21.Juni 1996
Wenig Licht und viel SchattenSicher, es hätte schlimmer kommen können. Doch herausgekommen ist auch jetzt nur ein fauler Kompromiß, den wieder einmal die BAföG-EmpfängerInnen zu bezahlen haben. Die Rede ist von jenem Verhandlungsergebnis zwischen Bund und Ländern vom 13. Juni, mit dem endlich ein Schlußstrich unter die unsäglichen BAföGzins-Vorstellungen des Bundesbildungsministers Rüttgers gezogen wurde. Doch nicht einmal die Zinsen sind vollständig vom Tisch. Wieder einmal haben die Finanz- über die BildungspolitikerInnen gesiegt.
Die Verhandlungen waren von Anfang an schwierig gewesen. Zum einen mußte Bildungsminister Rüttgers die Chance gegeben werden, sich von seinen Vorstellungen zu verabschieden, ohne das Gesicht zu verlieren und zum anderen mußte dringend Geld in die Kassen des Ministeriums.
Nur Regelstudienzeit zinsfrei Herausgekommen ist nun folgender Kompromiß:
- Der Darlehnsanteil beim BAföG bleibt in der Regelstudienzeit zinsfrei. (Dies ist das einzig positive Ergebnis, das erzielt wurde)
- Nach der Regelstudienzeit, die im übrigen in der Regel um ein Semester verkürzt wird, erfolgt die Vergabe von BAföG nur als Volldarlehn, das marktüblich verzinst werden muß.
- Dies bedeutet, daß die bisher von allen Parteien und Verbänden als sehr sinnvoll erachtete Studienabschlußförderung ersatzlos entfällt, da die Studierenden ja jetzt auf ein Darlehn zurückgreifen können.
- Damit das Darlehn auch so richtig teuer wird, muß es bereits vom ersten Tag an verzinst werden und der Staat wird nur in sozialen Härtefällen einspringen. Bei den bisherigen Vorstellungen waren noch mehrere Jahre vorgesehen, in denen der Staat die Zinszahlungen übernehmen wollte.

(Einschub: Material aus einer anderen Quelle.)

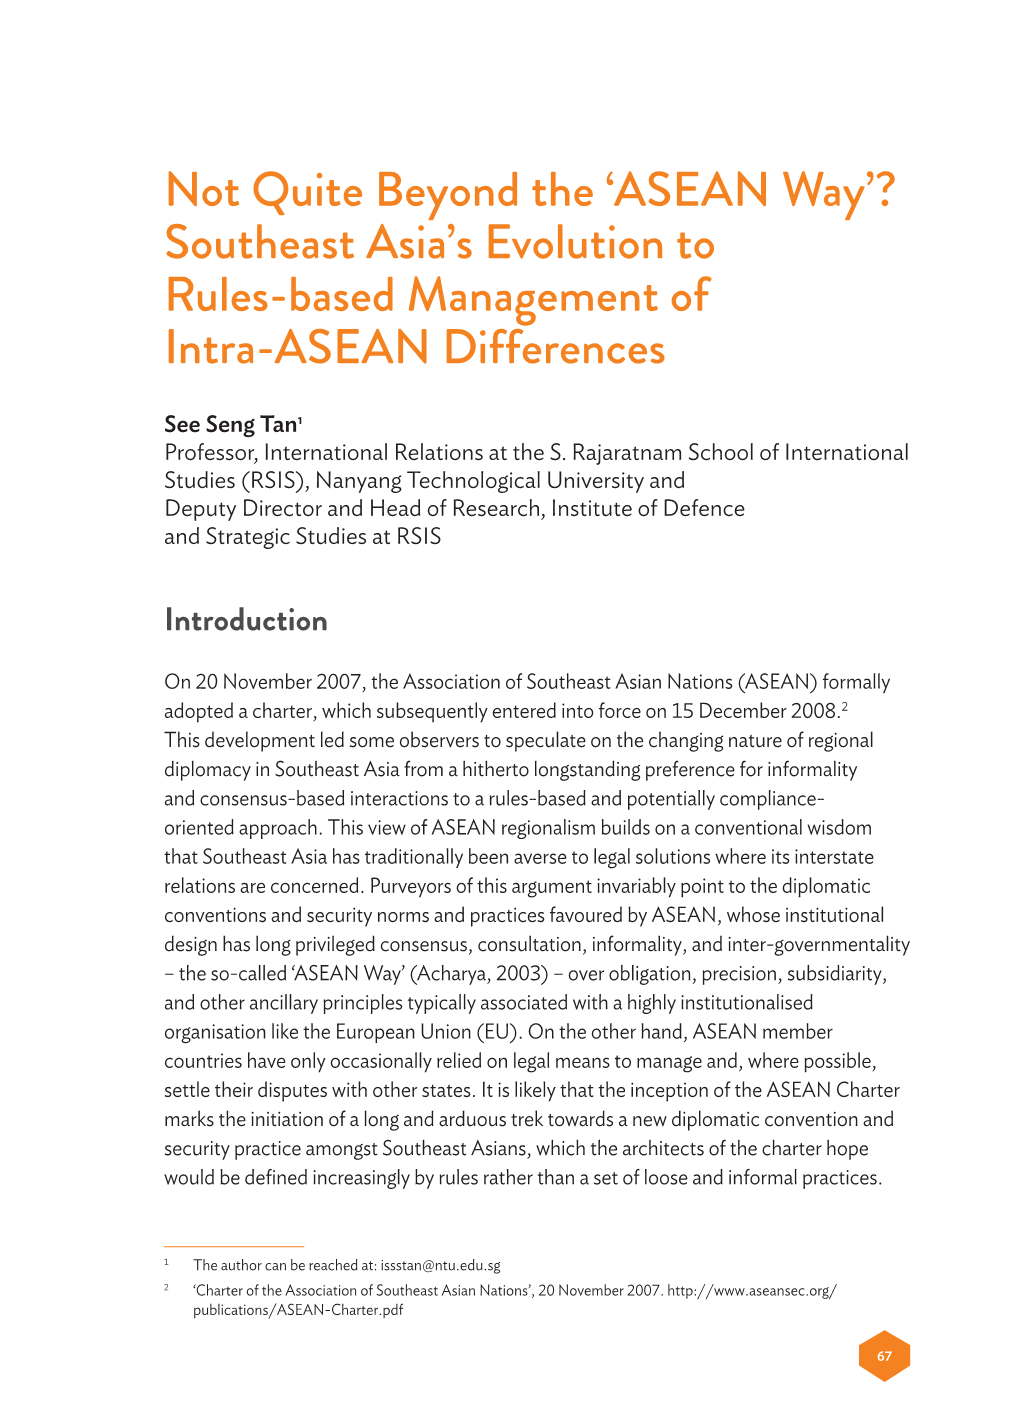 Not Quite Beyond the 'ASEAN Way'? Southeast Asia's Evolution to Rules

Bleibt diesbezüglich nur zu hoffen, daß es diesem kleinen "Zinsmodell" genau so ergeht wie dem ähnlich gelagerten in Frankreich. Dort wurde es einfach von den Studierenden ignoriert und soll demnächst abgeschafft werden. Doch über die eigenen nationalen Grenzen zu schauen und aus den Fehlern anderer zu lernen, war noch nie die Sache deutscher PolitikerInnen.Keine Erhöhung der Bedarfssätze - Statt der vorgesehenen Anhebung der Freibeträge und Bedarfssätze um 6%, werden nur die Freibeträge um 3% angehoben. Dies bedeutet, daß die BAföG-EmpfängerInnen wieder einmal einen realen Kaufkraftverlust hinnehmen müssen, da nicht einmal die Inflation ausgeglichen wird.
- Bis 1998 wollen sich Bund und Länder auf eine Strukturreform des BAföG einigen, deren wesentliche Grundlage das sog. "Drei-Körbe-Modell" der KultusministerInnenkonferenz und die Vorstellungen des bayerischen Bildungsministers Zehetmaier bilden soll. Besonders letztere sollen Einsparungen in Milliardenhöhe bis 1999 einbringen. Dies soll dadurch erreicht werden, daß alle Studierenden Leistungsnachweise erbringen müssen, um in den Genuß von Kindergeld und anderen staatlichen Leistungen zu kommen.
Wie wir die derzeitigen BildungspolitikerInnen kennen, ist auch von diesen "Reformbestrebungen" nicht allzuviel zu erwarten.
Schlacht verloren - Studis bezahlen: Bildungsminister Rüttgers
Dies zeigt sich insbesondere darin, daß die SPD über keine eigenen bildungspolitischen Ideen verfügt. Die Debatte wird derzeit (und wohl auch in naher Zukunft) nur durch Vorschläge der CDU/CSU bestimmt. Ob es nun Zinsen beim BAföG, das "Drei-Körbe-Modell" oder die bayerischen Vorschläge sind, die finanzielle Situation von Studierenden wird weiter verschlechtert und die SPD steht ratlos daneben.